Tuesday, June 15, 2010

Please don't call me a Saint

About 8 years ago John and I decided to apply for a Foster Care License. It took us a while to fill out the paper work, because it seemed a little intimidating at first. Then we had our background check and home study and all that stuff. If I remember correctly, we were notified that we passed everything and would soon be getting our license in the mail, then, BAM! I was in a car wreck and ended up in the hospital for a week then in a hospital bed in my living room for 8 weeks. The week I got home from the hospital we received our license in the mail. I remember thinking, "Wow! We waited for this and now we can't do it for who-knows-how-long." I think I forgot about it after that because my next few months were filled with healing, therapy, surgeries, etc. My mother came to live with us for a time, I went back to work substitute teaching. and prepared for summer to hit. One day...
I answered the phone. Caller ID said, "Idaho State Government." CRAP! What did we do? It was a service coordinator for Children & Family Services telling me they were taking a 2 week old infant into care and would we be interested in taking him? OF COURSE!
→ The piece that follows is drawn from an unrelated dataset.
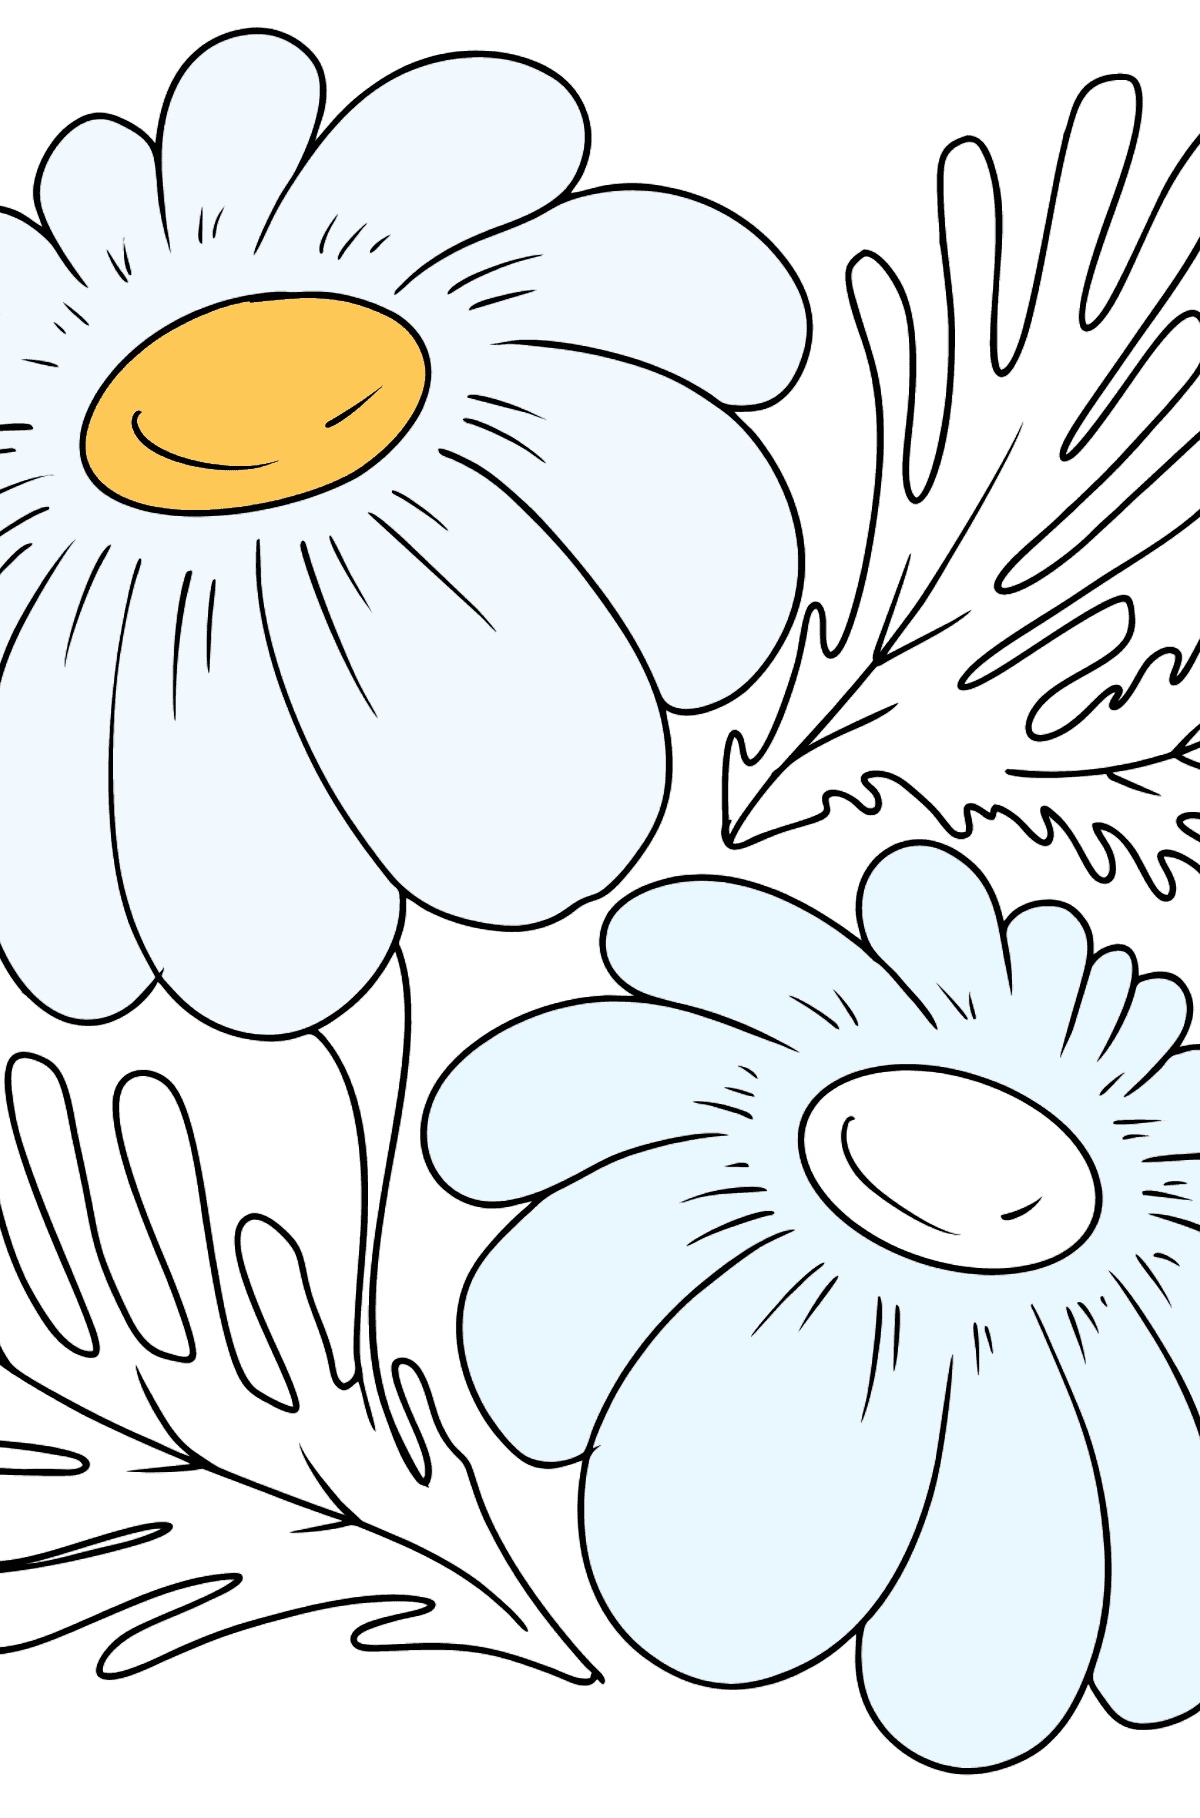 Coloring Page - Chamomile flowers - Coloring Pages for Kids

Over the next 7 years, to date, we have had 17 foster children. Most of them have been infants, but we had a 3 year old girl and her 8 year old brother, and another brother/sister pair that were 9 and 13. The 13 year old girl was something. She taught us a lot in the 4 days she was with us!
Just last week we got our 17th baby, a little girl. She is the most precious thing!
I love doing foster care. It is very challenging dealing with the family because they can be very hostile at times, but I focus on the fact that we are taking these precious little ones into our home to love them and care for them in the short time they are with us and, hopefully, give them something they can draw on later in life.
Our first little 2 week old baby boy ended up becoming ours forever. We knew when we consented to adopt him that he was a drug and alcohol baby. We would not know for some time, if ever, the problems he might have from it all. As it turns out, he has a seizure disorder, which can be very serious (we almost lost him once--had to Life Flight him to Salt Lake), he is developmentally delayed in many areas, and he was just diagnosed last year with Autism. He is an extreme challenge but everyone who knows him will agree that he is the most loving, friendly little (big--he is over 4 1/2 feet tall and 100 lbs & 7 years old!) boy they know. He loves everyone! And everyone should love him.
Through all this, I get the comment, quite frequently, that I am a saint. NO I am NOT! To me a saint is someone who is right up there next to Heavenly Father and Jesus Christ in perfectness. Not quite perfect but close. I am nowhere near that! I lose my temper frequently, (I even swear more than I should), I do not keep a perfectly clean, organized house, I sometimes have a problem with judging others too harshly, I don't read my scriptures like I should and many, many other things that do not land on the 'Saint' list. I just try my best to be patient, listen to the whisperings of the Holy Spirit to help guide me, and remember how much I love my family and am grateful for all Heavenly Father has given me. Because I have been given much, I, too, must give. This is the way I can give!
So, please, don't call me a Saint, because I am not. I am just a normal person who happens to love what I am doing and knows that it is my calling in life at this time.